Taking the last question first: The wording of the phrase “person taking such policy” is somewhat peculiar to Ohio. However, it seems to be perfectly plain. The avoidance of the terms “insured” and “assured” and the specific use of “taking” leaves no doubt in our minds. It can refer to only one person — the person making application for the policy. This is not necessarily the insured or even the assured. In this case it could mean only the insured, since he is the only person who was “taking” the insurance.

The fourth question raised as to the word “return” must be interpreted as part of the whole phrase. The statute says “return with” and is specifically referring to all papers, including the application for fhe insurance, which must be “returned” to the person taking the insurance at the same time as the policy is “delivered”, and as part of such policy. It is obvious that the returning refers not to the policy but to such attached papers which are presumed to have been in the possession of the person taking the policy when originally made ont.

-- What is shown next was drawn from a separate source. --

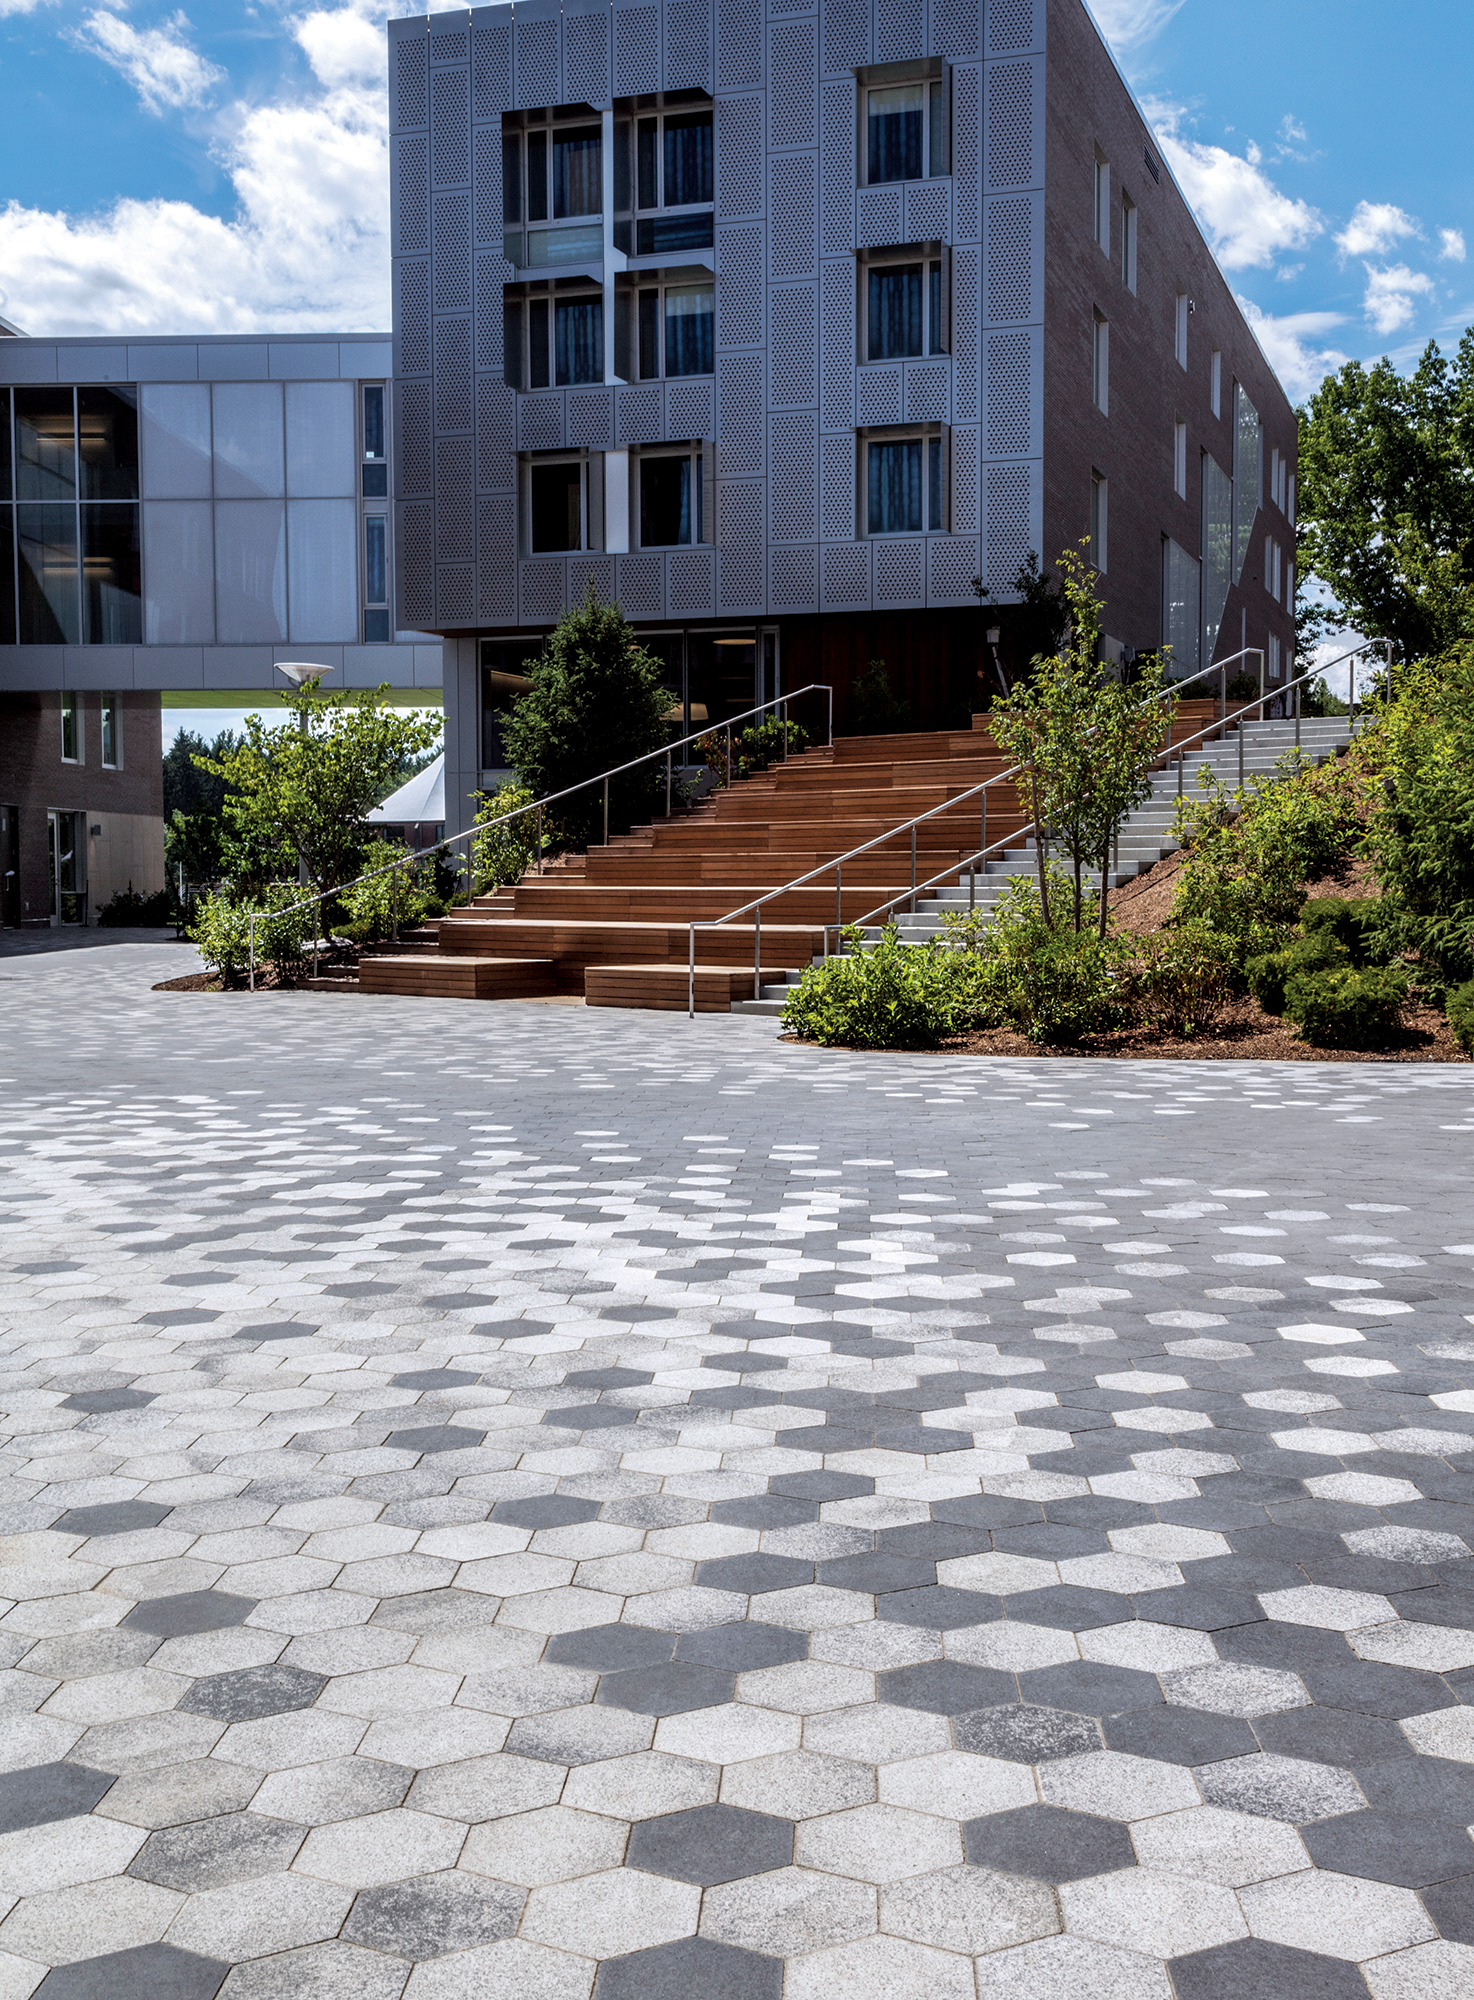 Descending the staircase leads to a pixelated walkway design using two-toned hexagonal City Park Paver™.

As to question number three, we cannot agree with this interpretation. The real purpose is to prevent an agent of the company from falsifying answers or at least slipping in answers of which the person taking would not be aware. It is a common practice for the agent to fill out these forms (as was done here). And it has been known, that an agent, in his zeal to make a sale, may answer questions on the form which he has not even asked. This practice made available to the insurer the defense of fraud because the form had been signed. Ordinarily we are bound by our signature even though we have not read the fine print or the written answers. This situation amounts to a fraud by the agent — but a fraud which is very difficult to prove.

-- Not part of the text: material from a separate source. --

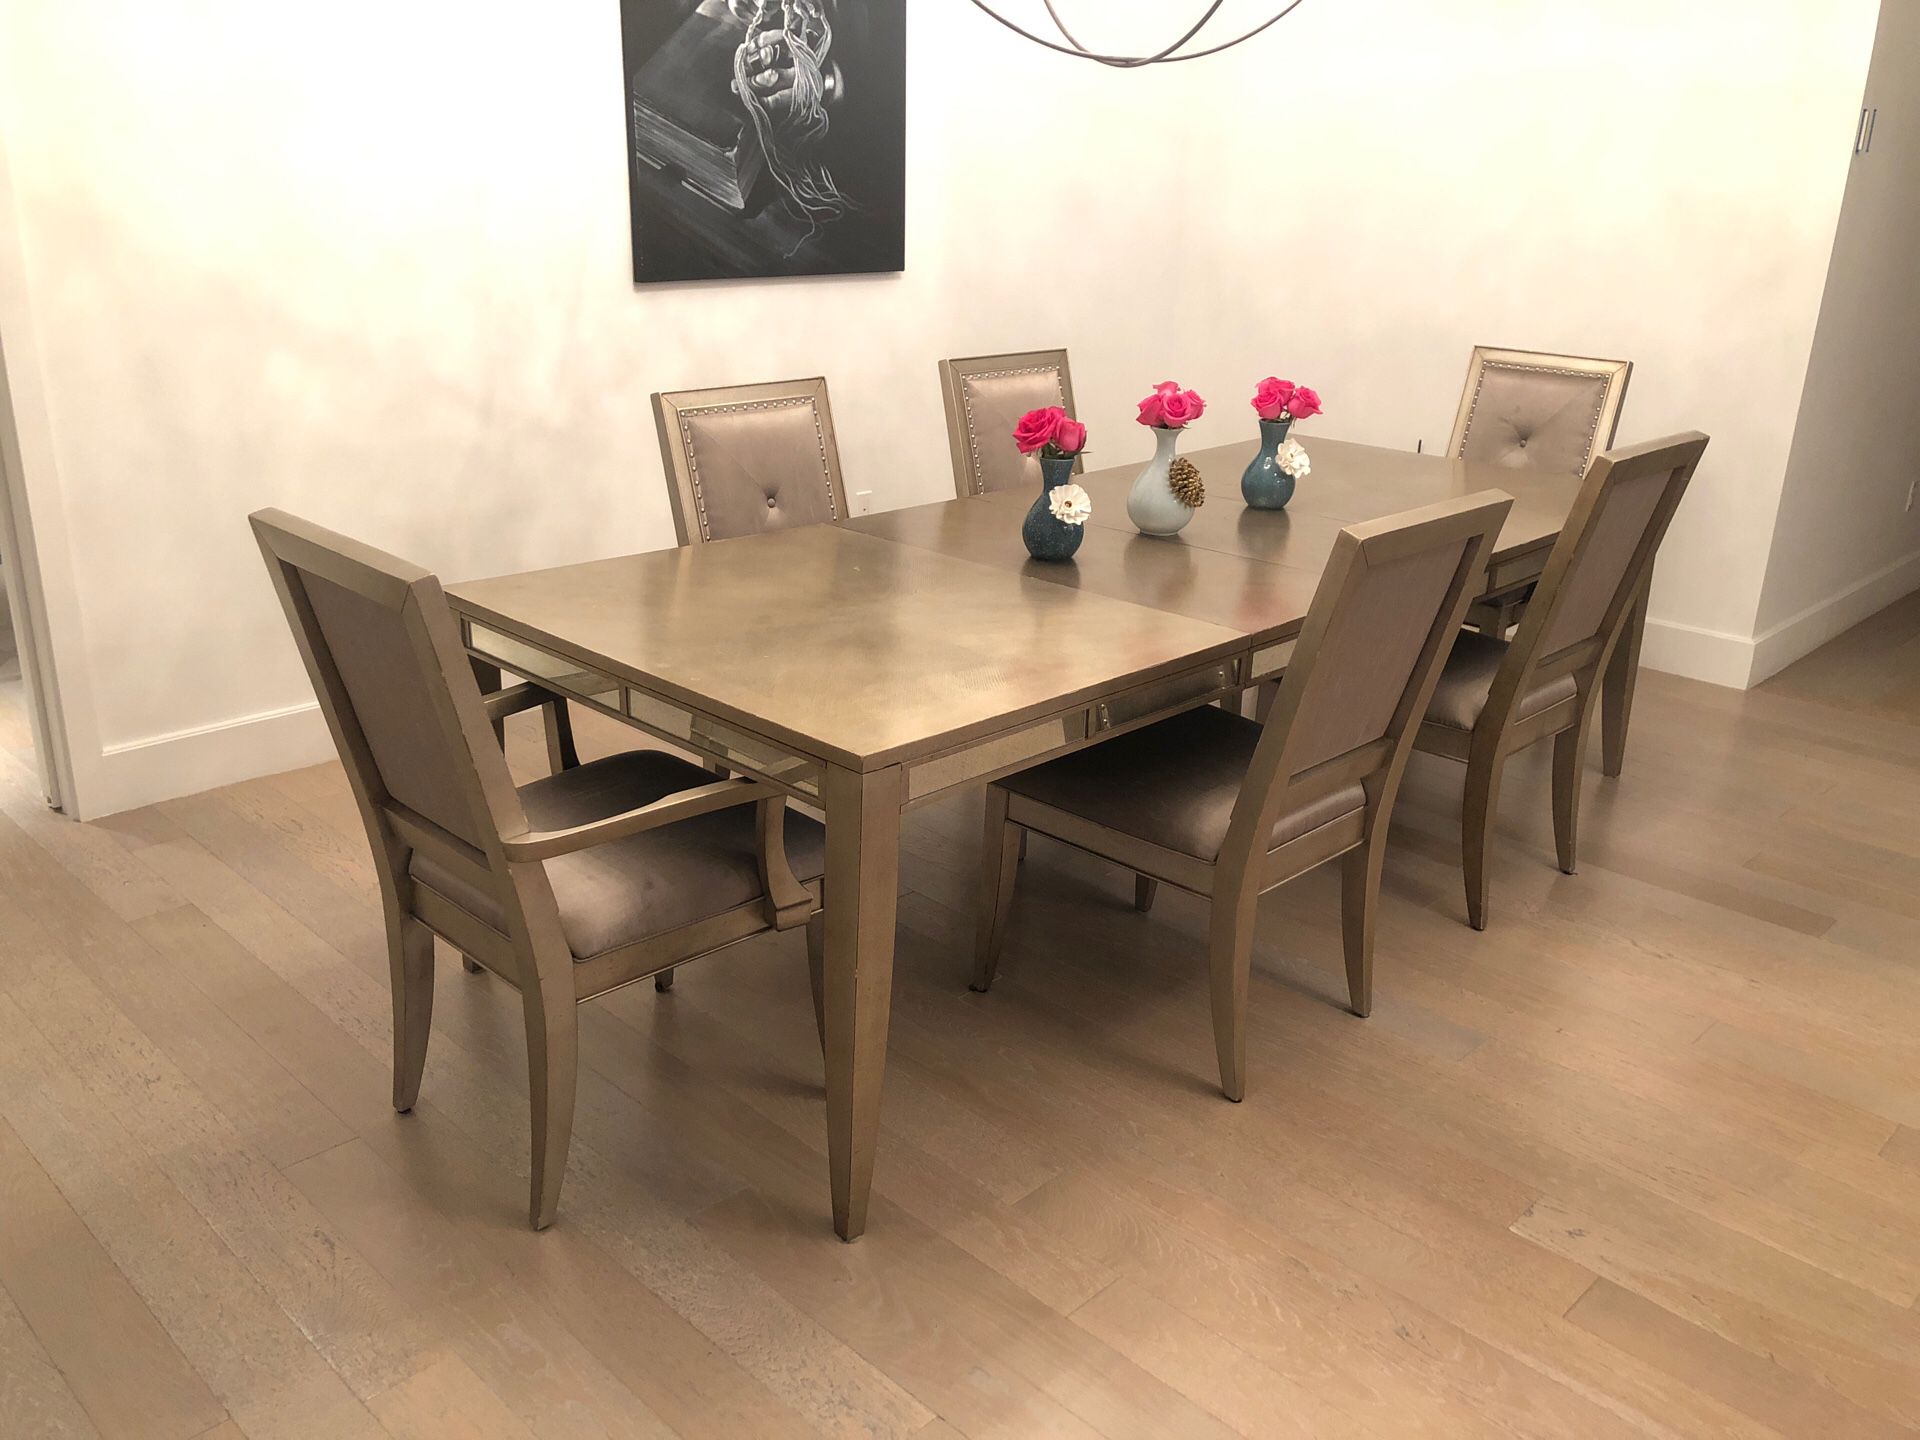 Lot of extensible dining table + 6 chairs

And it was to prevent this very thing that the legislature adopted the extraordinary means of estoppel by statute. Estop-pel under any circumstances is a harsh thing and reluctantly applied. It prevents, in effect, the telling of the truth. And estoppel by statute, therefore, must be regarded as an extremely serious matter.

Objection number two cannot be regarded by us very seriously. The beneficiary is not a party to the original contract. She answered questions for the convenience of the agent who knew exactly what he was doing. When he asked that she sign her husband’s name, he was participating in her action. Furthermore, the company did not rely too much on that information since they required two medical examinations thereafter. It is safé to say that those examinations were considered' more important than her answers.

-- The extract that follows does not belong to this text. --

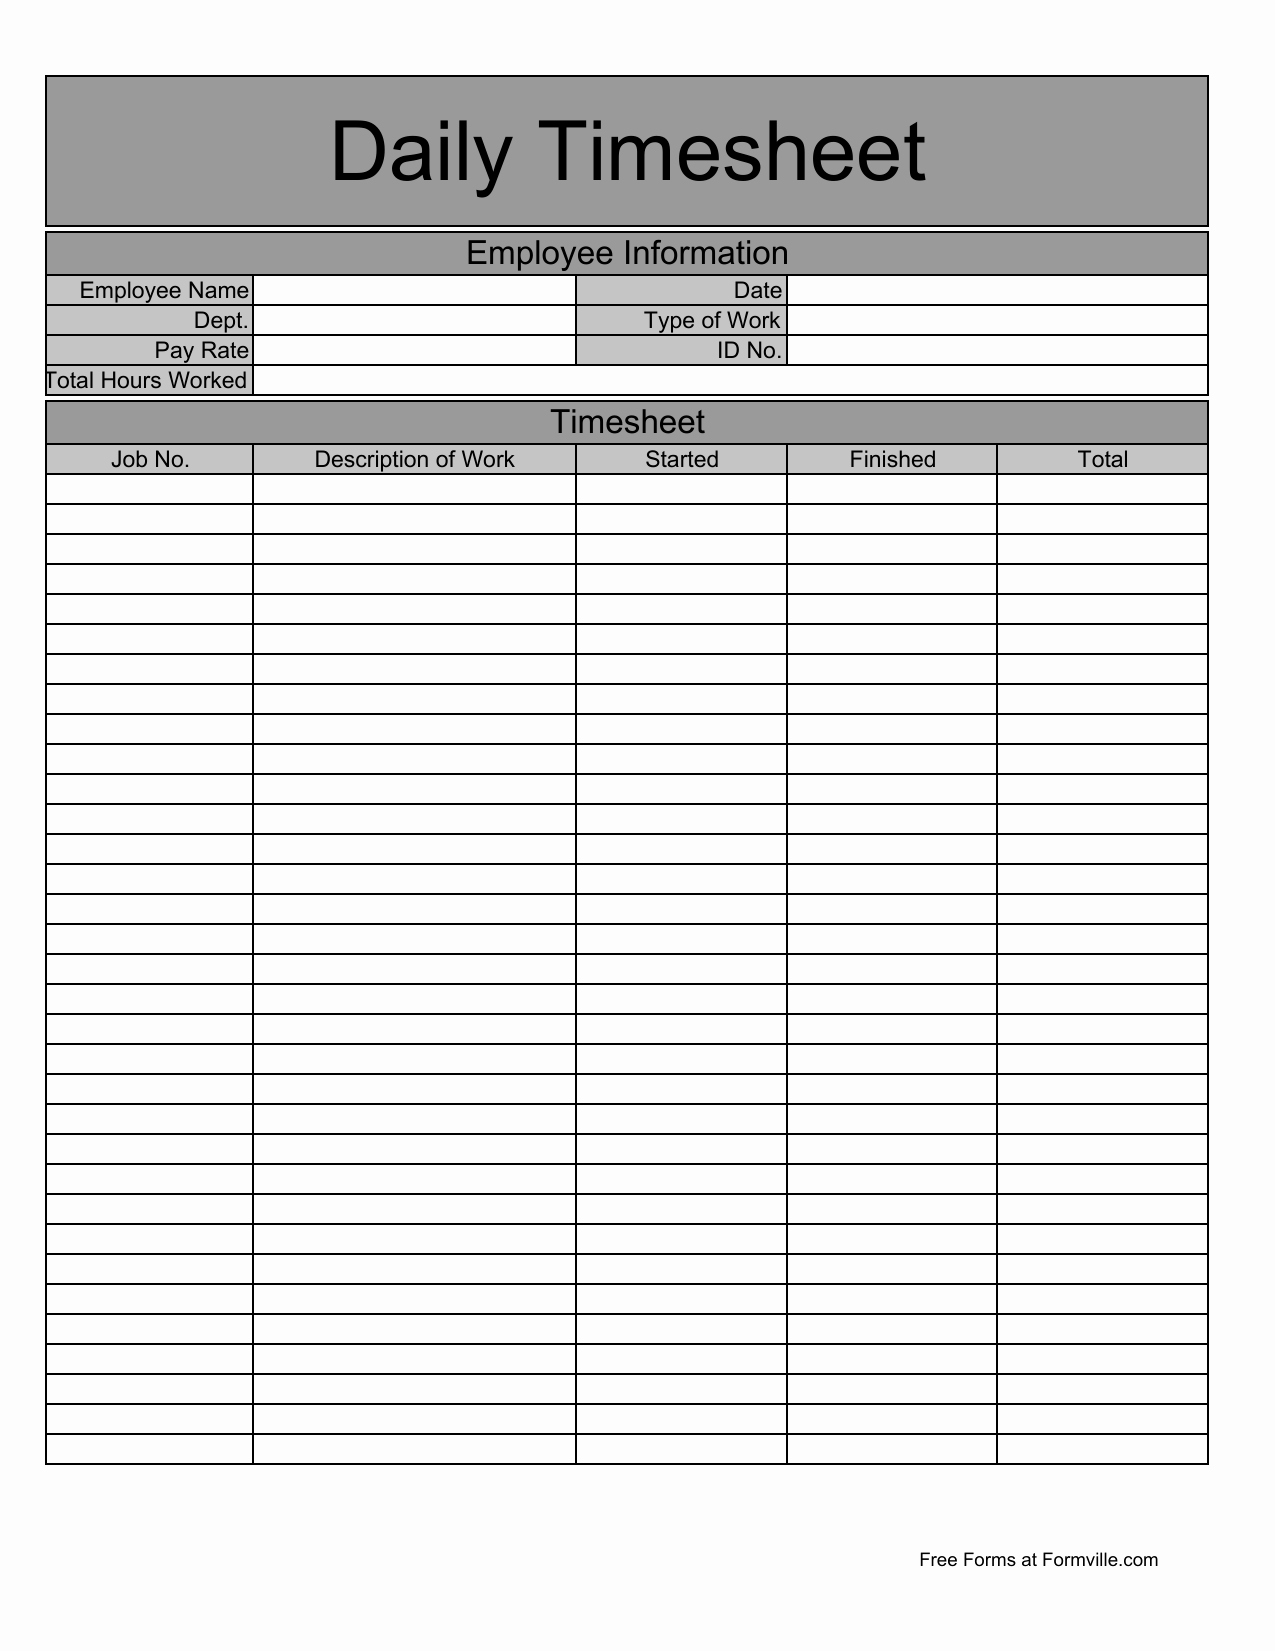 Daily Time Sheet Template Excel Beautiful Download Daily Timesheet Template Excel Pdf

That brings us to the first question, which actually is the important question. The agent here, from the testimony, handed this policy to the insured for one purpose and one purpose alone; to secure the signature on the up-rating endorsement. It appears that nothing was said about looking at or inspecting anything but the endorsement. When the signature was secured, the agent was in some haste to get his hands back on it again, and actually told the insured he had to take it back to Toledo before sending it to the bank. We cannot believe that these actions constituted a delivery of the policy together with the attached papers to the insured as required by statute. Neither did subsequent delivery to the bank effect such delivery. The statute, being very specific, says “return # # * to the person taking * * It omits any reference to an agent, and by implication eliminates such delivery.

Summing up, this section of the code is to protect the insured and his beneficiaries insofar as possible and should be liberally interpreted.

Judgment of the common pleas court is, therefore, affirmed.

Griffith, P. J., and Phillips, J., concur.